Point d’appui dans nos luttes
La vraie paix ne dérive pas de la conclusion d’un raisonnement humain, elle ne peut venir que d’une adhésion du cœur aux promesses de Dieu que nous communique la Parole. Lorsque, dans un moment de doute ou de confusion, nous adhérons par un acte de foi à une parole de l’Écriture, l’autorité propre à cette parole devient pour nous un soutien et une force. Elle a un pouvoir particulier pour nous garder dans l’espérance et dans la paix, quoi qu’il arrive. L’Épître aux Hébreux évoque à propos de la promesse de Dieu à Abraham cette « garantie du serment qui met fin à toute contestation » (He 5, 16). La Parole de Dieu a le pouvoir de mettre un terme à nos irrésolutions et au va-et-vient de nos raisonnements incertains, pour nous établir dans la vérité et dans la paix.

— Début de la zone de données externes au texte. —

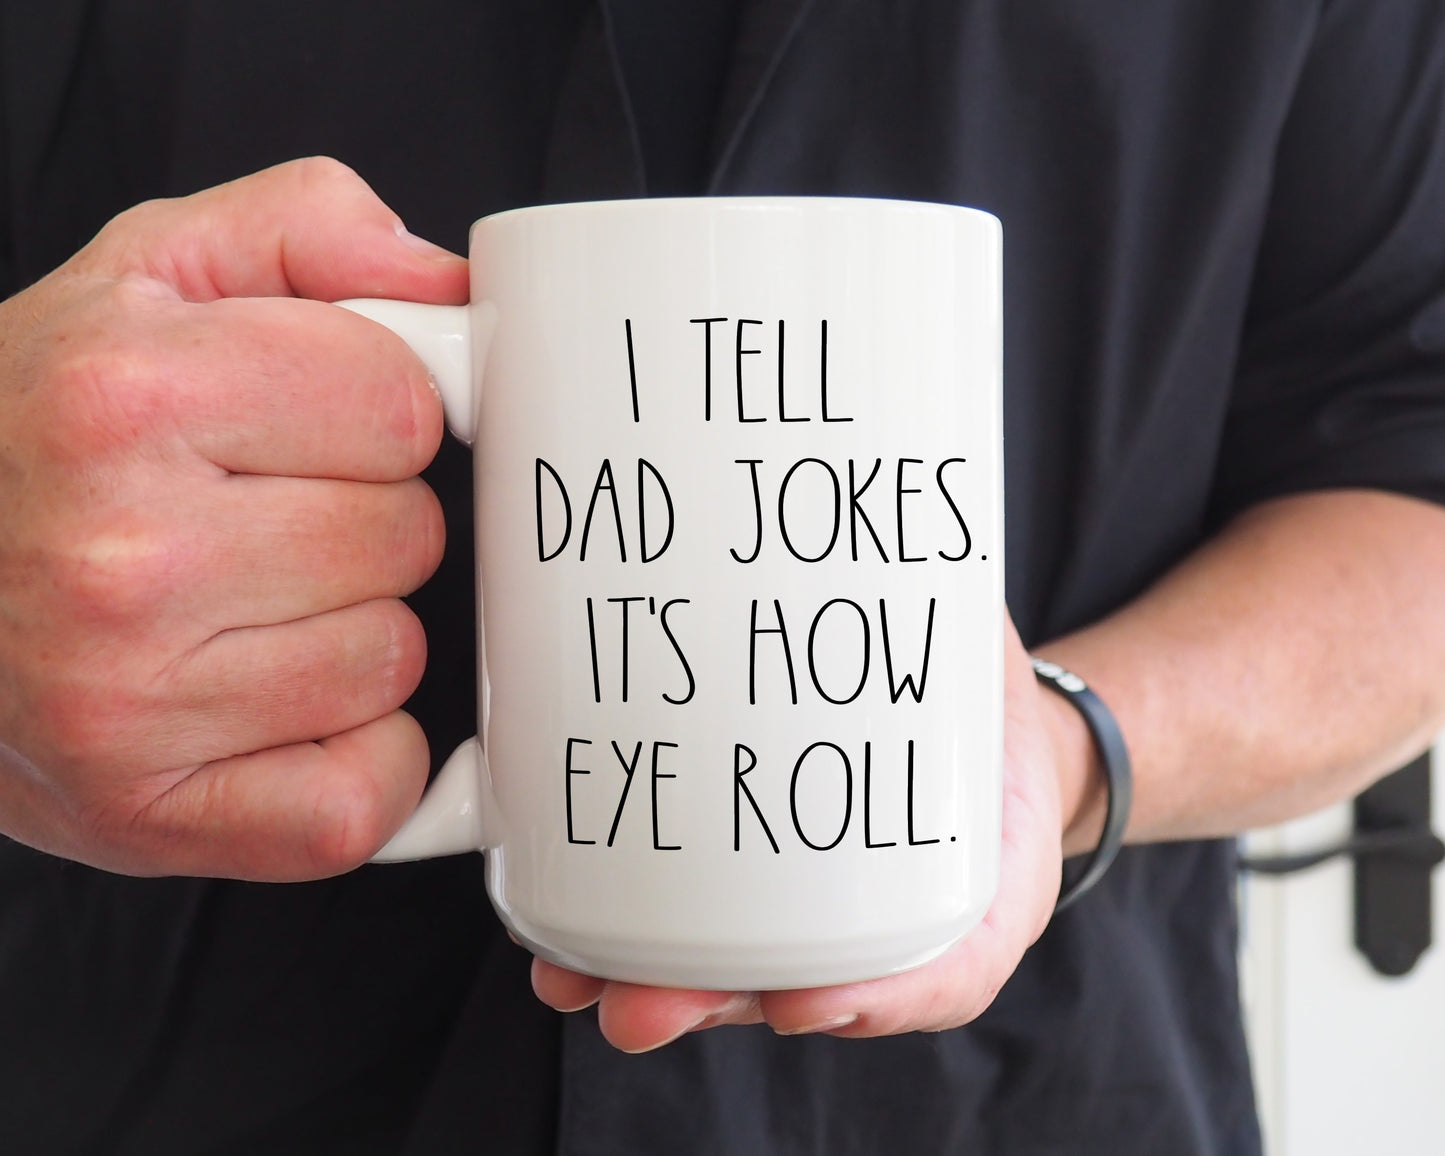 I tell dad jokes
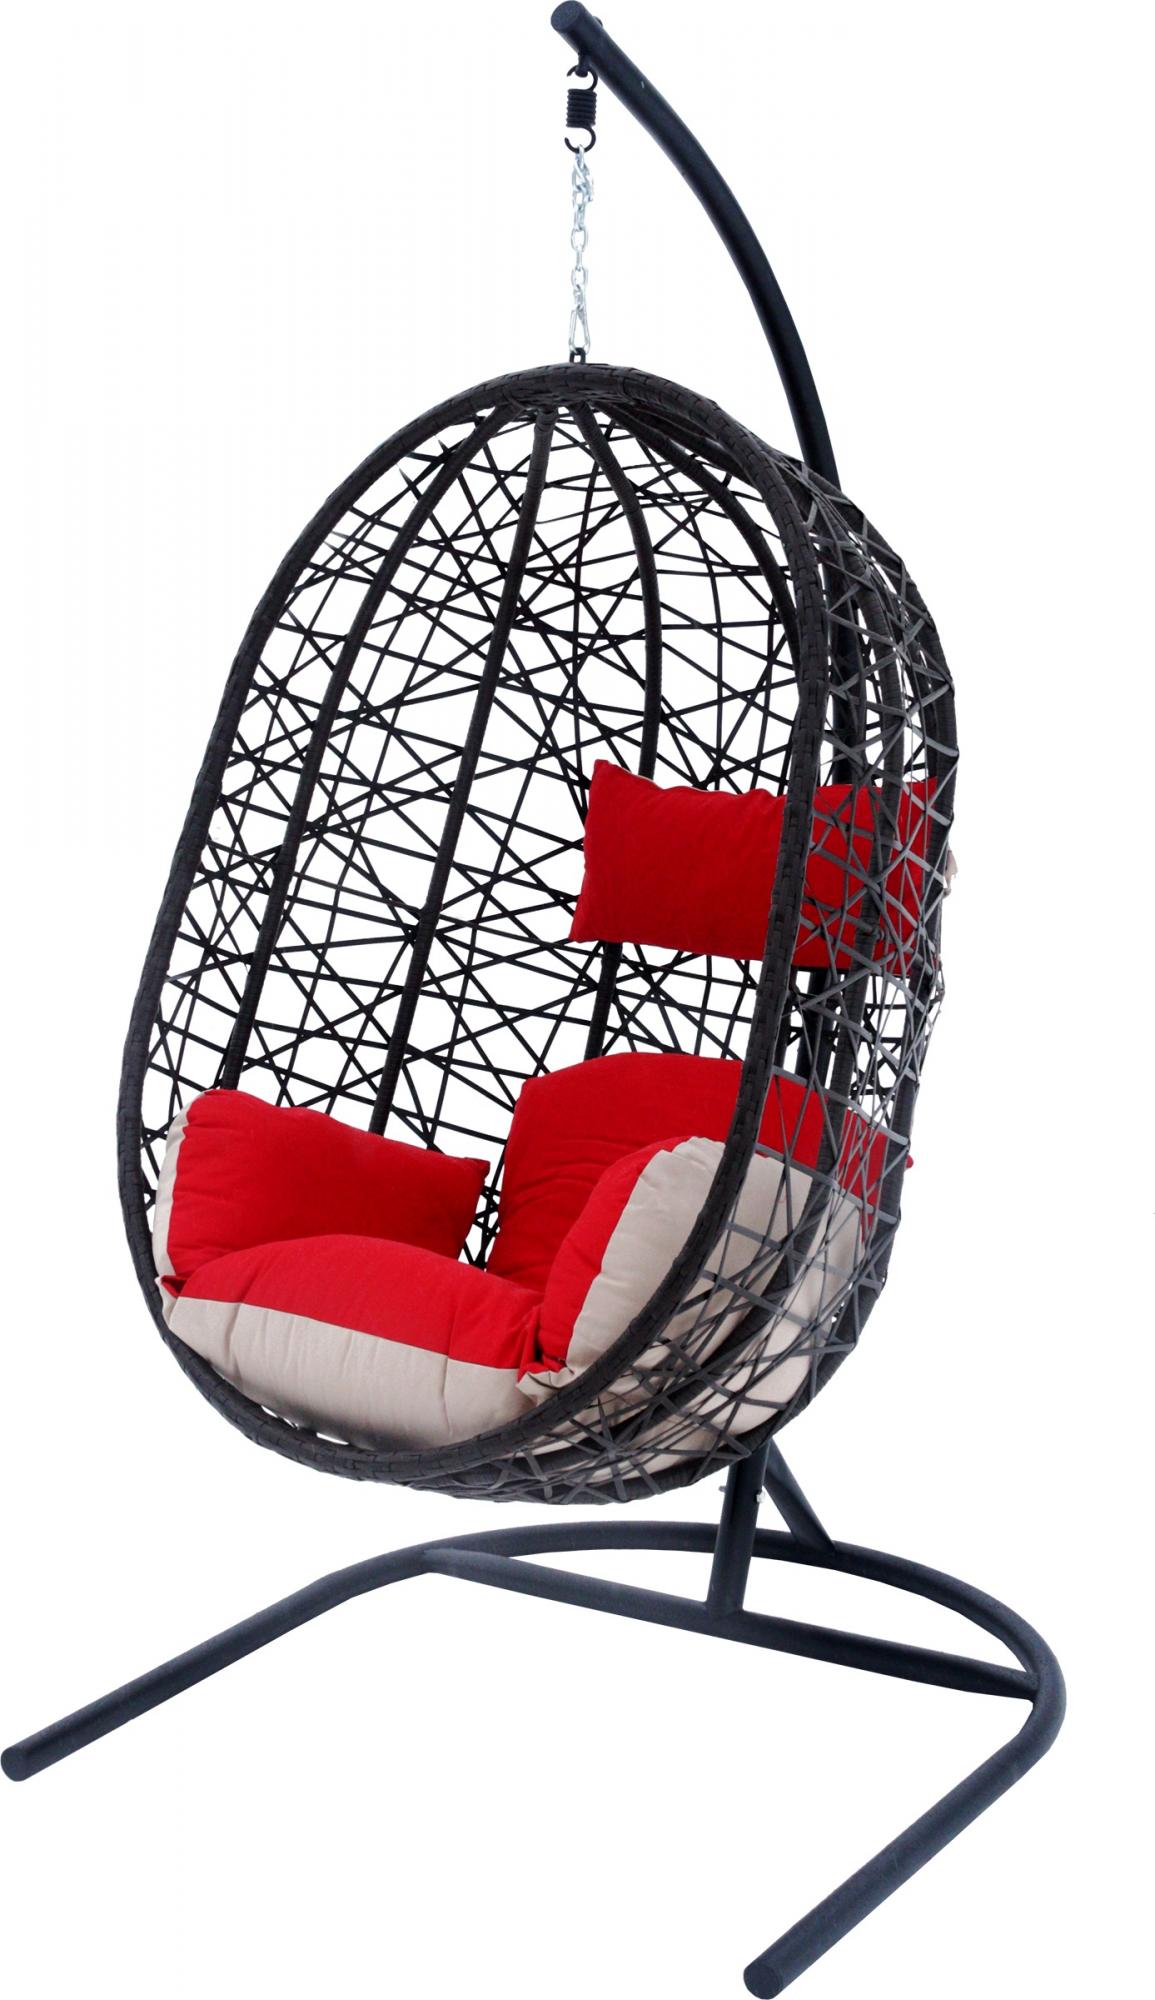 Подвесное кресло черное Garden Story Кокон XL D52-МТ003 красная подушка

L’espérance que procure cette parole est « l’ancre de notre âme, sûre autant que solide » (He 5, 19). Les exemples sont innombrables des paroles de l’Écriture qui peuvent être pour nous un point d’appui précieux dans nos luttes. Si je me sens seul et abandonné, l’Écriture me crie : « Même si une femme oubliait son enfant, moi je ne t’oublierai pas ! » (Is 49, 15). Si je sens Dieu lointain, elle me dit : « Je serai avec vous tous les jours jusqu’à la fin du monde » (Mt 28, 20). Si je me sens écrasé par mon péché elle me dit : « Je ne me souviendrai plus de tes fautes ! » (Is 43, 25). Si j’ai l’impression de ne rien avoir de ce qu’il me faudrait pour bien avancer dans la vie, le psaume m’invite à poser cet acte de foi : « Le Seigneur est mon berger, je ne manque de rien » (Ps 23). Ne passons donc pas une journée sans prendre au moins quelques minutes pour lire un passage de l’Écriture… Elle nous semblera parfois un peu aride et obscure, mais si nous la lisons avec fidélité, dans la simplicité et la prière, elle pénétrera notre mémoire profonde sans même que nous n’en ayons conscience. Et le jour où nous en aurons besoin, dans tel moment d’adversité, un verset nous reviendra à la mémoire, et sera précisément la parole dont nous aurons besoin et sur laquelle nous pourrons nous appuyer pour retrouver l’espérance et la paix.